Certified Public Accountants

Determining a Bank’s Going Concern – a New Management Responsibility?

By: Tim James, CPA
Date: 1/21/2010

Banks are starting to have an increased risk of having a going concern report issued due to the current economic conditions. It is currently the auditor’s responsibility to determine if a bank should disclose in its financial statements the bank’s ability to continue as a going concern. The auditor makes an assessment of the bank’s ability to continue as a going concern based on various factors including, negative trends, indications of possible financial difficulties, internal matters, external matters and compliance with any regulatory agreements. The time frame for the assessment as defined by accounting standards is a reasonable period of time not to exceed one year beyond the date of the financial statement report.  If the auditors believe there may be substantial doubt, they should consider management’s plans to determine whether, if successfully implemented, they would mitigate the circumstances involving the doubt. If the auditors conclude that there is in fact substantial doubt that the bank will continue as a going concern, they should change the audit report to include an explanatory paragraph describing the reasons for the determination. The report would reference the note(s) in the financial statements where the reasons would be discussed more in detail. 

The Financial Account Standards Board (FASB) issued an exposure draft “Going Concern” and, while it is not yet finalized, it is expected to be issued in the near future. As part of the changes, the new accounting standard will impose on management the responsibility for evaluating the bank’s ability to continue as a going concern. This is not currently part of the standard. The new accounting standard changes the time frame for which the evaluation will be performed to “at least, but not limited to, 12 months” from the end of the reporting period. This is different than the current standard that limits the time frame to 12 months from the date of the financial statements.  The proposed accounting standard also requires new disclosures when the entity’s financial statements are not prepared on a going concern basis. The new changes would also require management to disclose that fact and the reason why the entity is not considered to be a going concern in the financial statements.

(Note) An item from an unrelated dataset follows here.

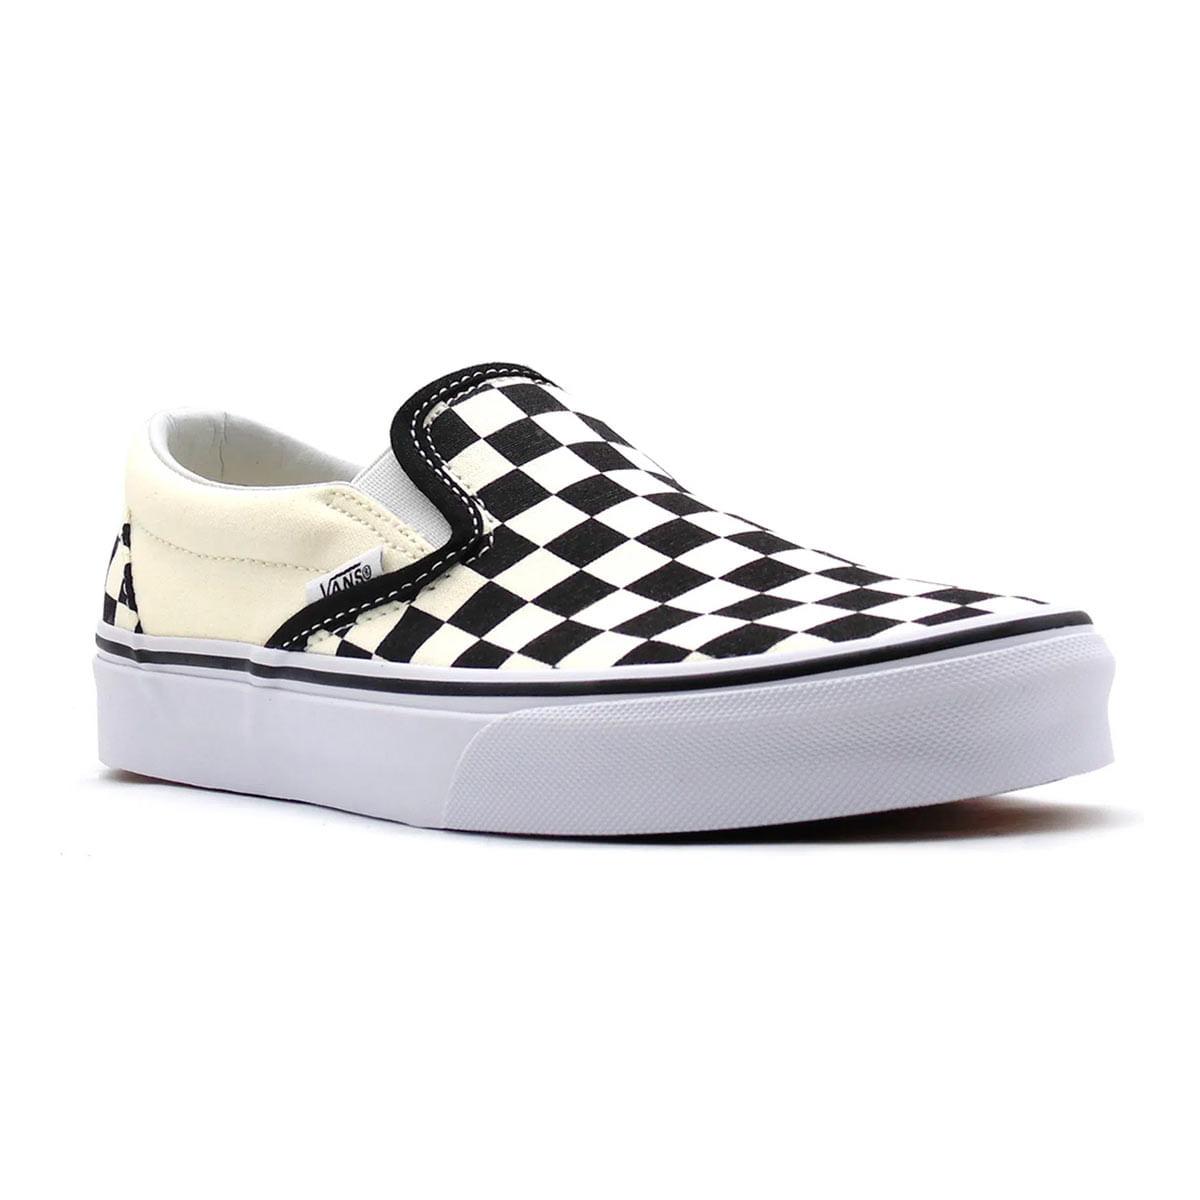 Tenis-Vans-UA-Classic-Slipon-Checkerboard--33-38--VNB00EYEBWW-2020

Management will need to consider several factors including, current and expected profitability, ability to raise new capital and compliance with any potential regulatory agreements. Once the management team has considered the information in aggregate and believes that there is substantial doubt that the bank will continue as a going concern, then it will have to consider plans or alternatives for dealing with the negative conditions and whether or not they have plans that can be effectively implemented for the bank to continue as a going concern.